The baseline implementation for this PR has been taken from this paper: Accelerating Drug Discovery in AutoDock-GPU with Tensor Cores. The contribution of both authors, Gabin Schieffer (@gabin-s) and Ivy Peng (@bopkth), is acknowledged in this PR as well:

Schieffer, Gabin, and Peng, Ivy. "Accelerating Drug Discovery in AutoDock-GPU with Tensor Cores."
In European Conference on Parallel Processing, pp. 608-622. Cham: Springer Nature Switzerland, 2023.

[atillack]

@L30nardoSV Thank you very much, I am currently testing. Please encapsulate the code a bit and make it a compile option so older Cuda versions and cards still compile and run.

[L30nardoSV]

@L30nardoSV Thank you very much, I am currently testing. Please encapsulate the code a bit and make it a compile option so older Cuda versions and cards still compile and run.

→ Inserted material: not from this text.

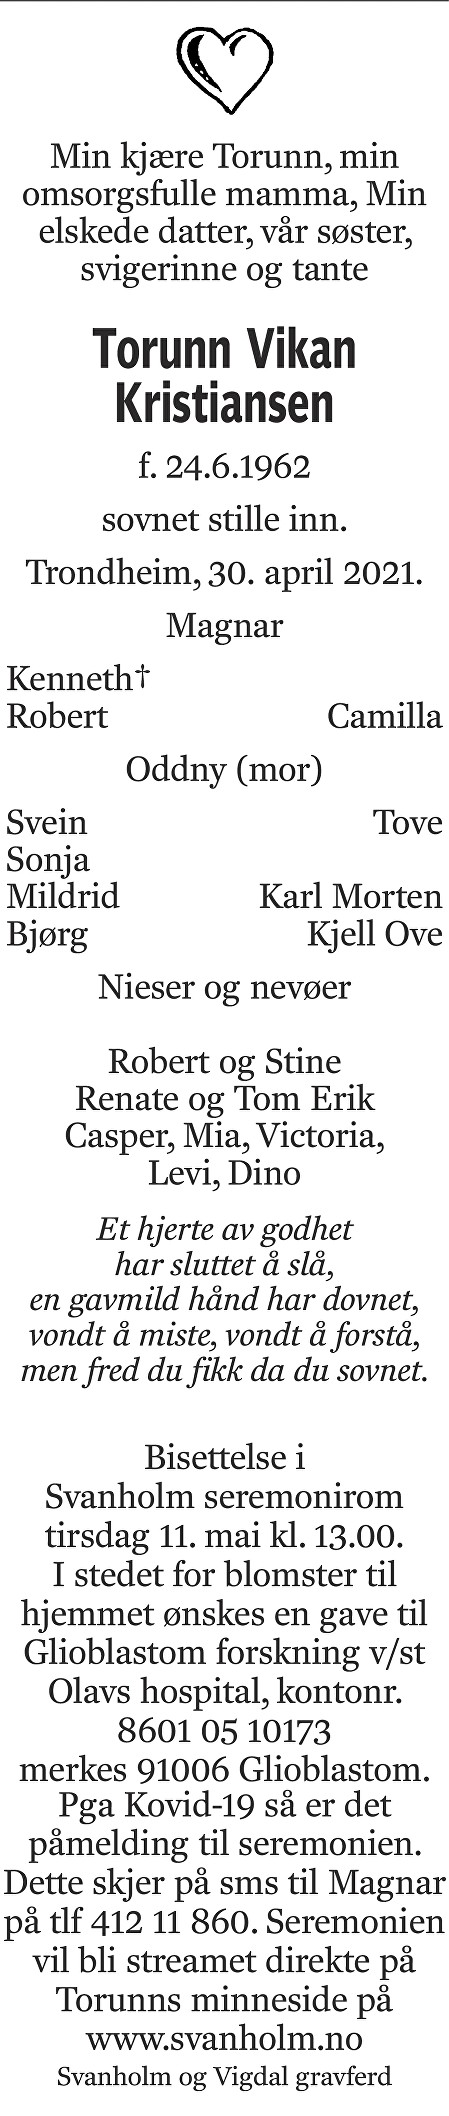 Torunn Vikan Kristiansen Dødsannonse

OK, let me know if the TENSOR directive in commit 10b07fa6a suffices

[atillack]

@L30nardoSV I tested on one of our Nvidia Quadro RTX A5000 cards and I do see a nice speedup for the 3ce3 example input:

Docking time of the PR with make DEVICE=GPU TESTLS=ad NUMWI=64 TARGETS=86 test is 0.70 seconds vs 0.90 seconds (this does use the heuristics and autostop by default).

To evaluate a bit further I used Diogo's test set of 42 ligands, here are the results:

Reference:	Path	NUMWI	AutoStop & Heuristics	overall evals	energy	rmsd	docking	idle
OpenCL	128	no, 2.5M evals	105382018	36 / 42 good	36 / 42 good	91.69 s	0.17 s
Cuda	128	no, 2.5M evals	105331182	36 / 42 good	36 / 42 good	90.75 s	0.32 s
Cuda	64	no, 2.5M evals	105404961	36 / 42 good	35 / 42 good	106.24 s	7.93 s
OpenCL	128	yes	84026192	37 / 42 good	37 / 42 good	187.82 s	0.21 s
Cuda	128	yes	80037847	38 / 42 good	38 / 42 good	184.85 s	0.20 s
Cuda	64	yes	84684628	36 / 42 good	38 / 42 good	233.39 s	8.13 s

This PR:	Path	NUMWI	AutoStop & Heuristics	overall evals	energy	rmsd	docking	idle
OpenCL	128	no, 2.5M evals	105362595	38 / 42 good	36 / 42 good	92.33 s	0.21 s
Cuda	128	no, 2.5M evals	105177642	35 / 42 good	36 / 42 good	100.71 s	0.20 s
Cuda	64	no, 2.5M evals	105197433	35 / 42 good	38 / 42 good	112.48 s	0.19 s
OpenCL	128	yes	86495325	37 / 42 good	38 / 42 good	192.71 s	0.21 s
Cuda	128	yes	71419809	33 / 42 good	37 / 42 good	182.30 s	0.21 s
Cuda	64	yes	65754981	34 / 42 good	37 / 42 good	214.60 s	0.22 s

For multiple differently sized ligands with the typical settings It turns out for larger systems the speedup can turn into a slowdown.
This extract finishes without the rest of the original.